Senior Republicans on a House defense committee are seeking to delay the end of “Don’t Ask, Don’t Tell” on the basis that Congress hasn’t had an adequate opportunity to review the regulatory changes resulting from the end of the policy — a request the Pentagon has rebuffed.

House Armed Services Committee Chair Buck McKeon (R-Calif.) and House Armed Services Personnel Subcommittee Chair Joe Wilson (R-S.C.) write in a Sept. 12 letter to Defense Secretary Leon Panetta that an end to “Don’t Ask, Don’t Tell” — which is set for Tuesday — should be placed on hold because information on the new policy hasn’t been sufficiently available to Congress and the public.

Panetta — along with President Obama and Chairman of the Joint Chiefs of Staff Adm. Mike Mullen — certified the U.S. military was ready for open service on July 22, starting the 60-day period for when “Don’t Ask, Don’t Tell” will be removed from the books.

McKeon and Wilson contend they have requested, but not obtained, copies of the revised regulations that will take effect upon the end of the military’s gay ban.

“This failure to meet the committee’s requests leads us to conclude that decisions on the policies and regulations to implement repeal are not complete and that your certification and those of the others were inaccurate,” the Republicans write.

Additionally, McKeon and Wilson decry what they say is the lack of public availability of the new regulations resulting from the end of “Don’t Ask, Don’t Tell.” The Republicans contend this lack of availability harms service members, including gay and lesbian troops.

“We find it unconscionable that the policies and regulations that provide the guidelines and procedures to be used by service members and their leaders to implement repeal, as well as to protect the interests of all service members, including gay and lesbian members, remain unpublished,” the Republicans write.

Finally, McKeon and Wilson also say the time isn’t now for “Don’t Ask, Don’t Tell” repeal because certain regulatory changes needed for implementation will have to undergo a review and comment period before they can be effective and this period is not scheduled to begin until Tuesday.

“The need for review and comment before these regulations and policies can be effective directly contravenes the July 22 certifications,” the Republicans write. “The Department is not ready to implement the repeal because all the policies and regulations necessary for the transition are not yet final.”

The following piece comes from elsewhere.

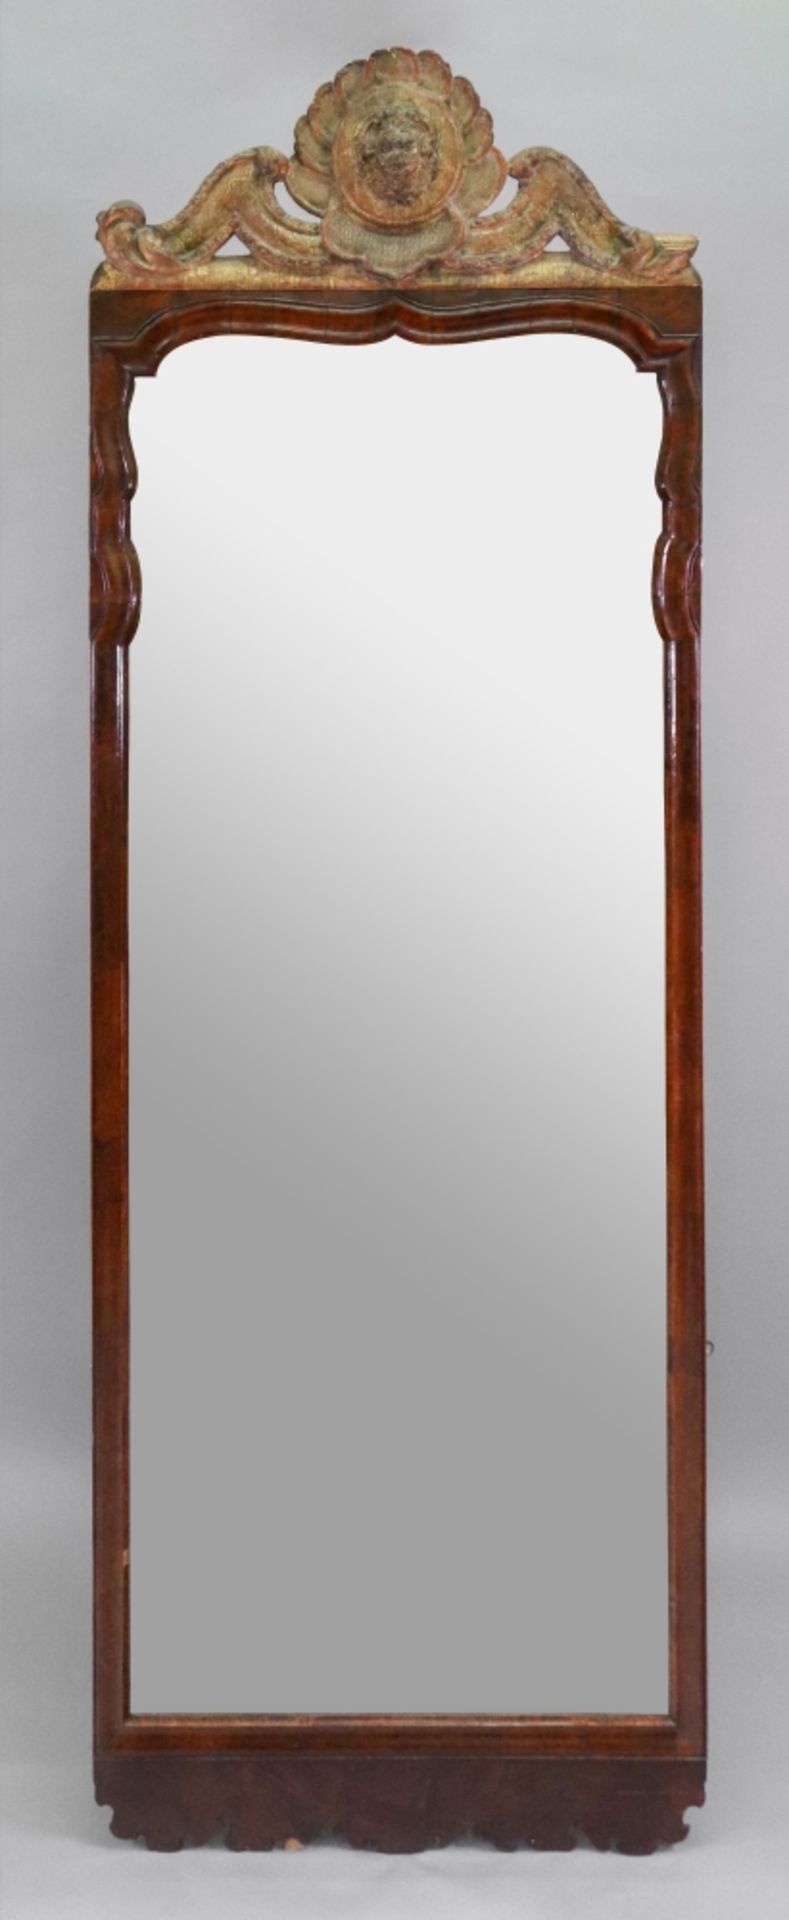 A tall early 18th century walnut frame upright wall mirror,
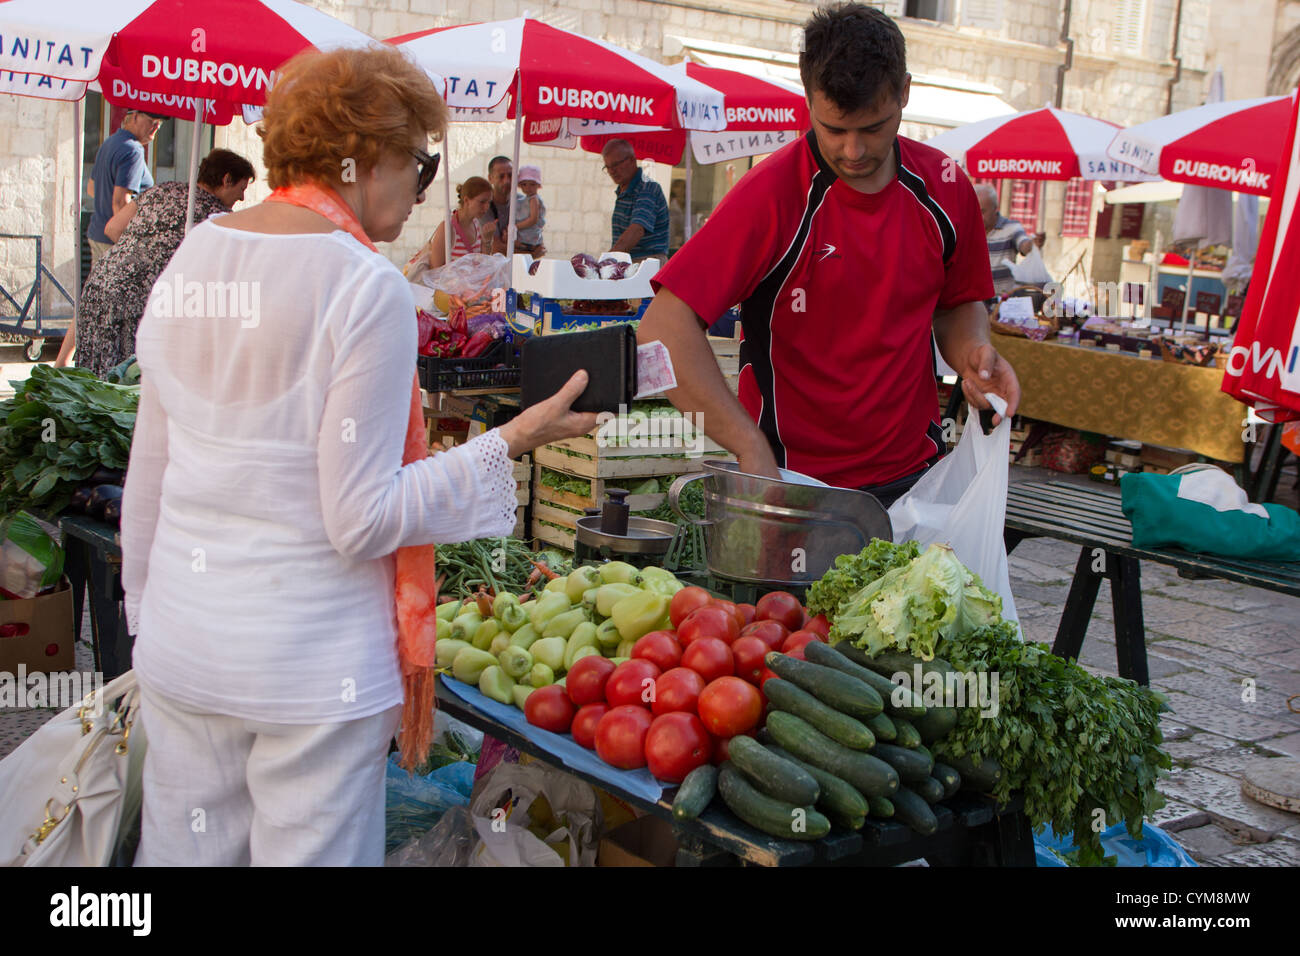 Shoppers in Dubrovnik city market. Croatia Stock Photo

Consequently, the Republicans urge Panetta to hold off on ending “Don’t Ask, Don’t Tell” until after Tuesday and these issues are addressed.

“We believe it is essential that you take immediate action to delay the implementation of repeal until such time that the review and comment period is completed, that DOD has incorporated the changes suggested during that comment period, and that the appropriate regulations needed to implement repeal have been distributed to and are understood by the leaders and key personnel in the field,” McKeon and Wilson write.

But the Defense Department is disputing these assertions and says an end to “Don’t Ask, Don’t Tell” will take place as planned on Tuesday.

“The repeal of Don’t Ask Don’t Tell will occur, in accordance with the law and after a rigorous certification process, on Sept. 20,” a Pentagon spokesperson said. “Senior Department of Defense officials have advised Congress of changes to regulations and policies associated with repeal. We take that obligation seriously.”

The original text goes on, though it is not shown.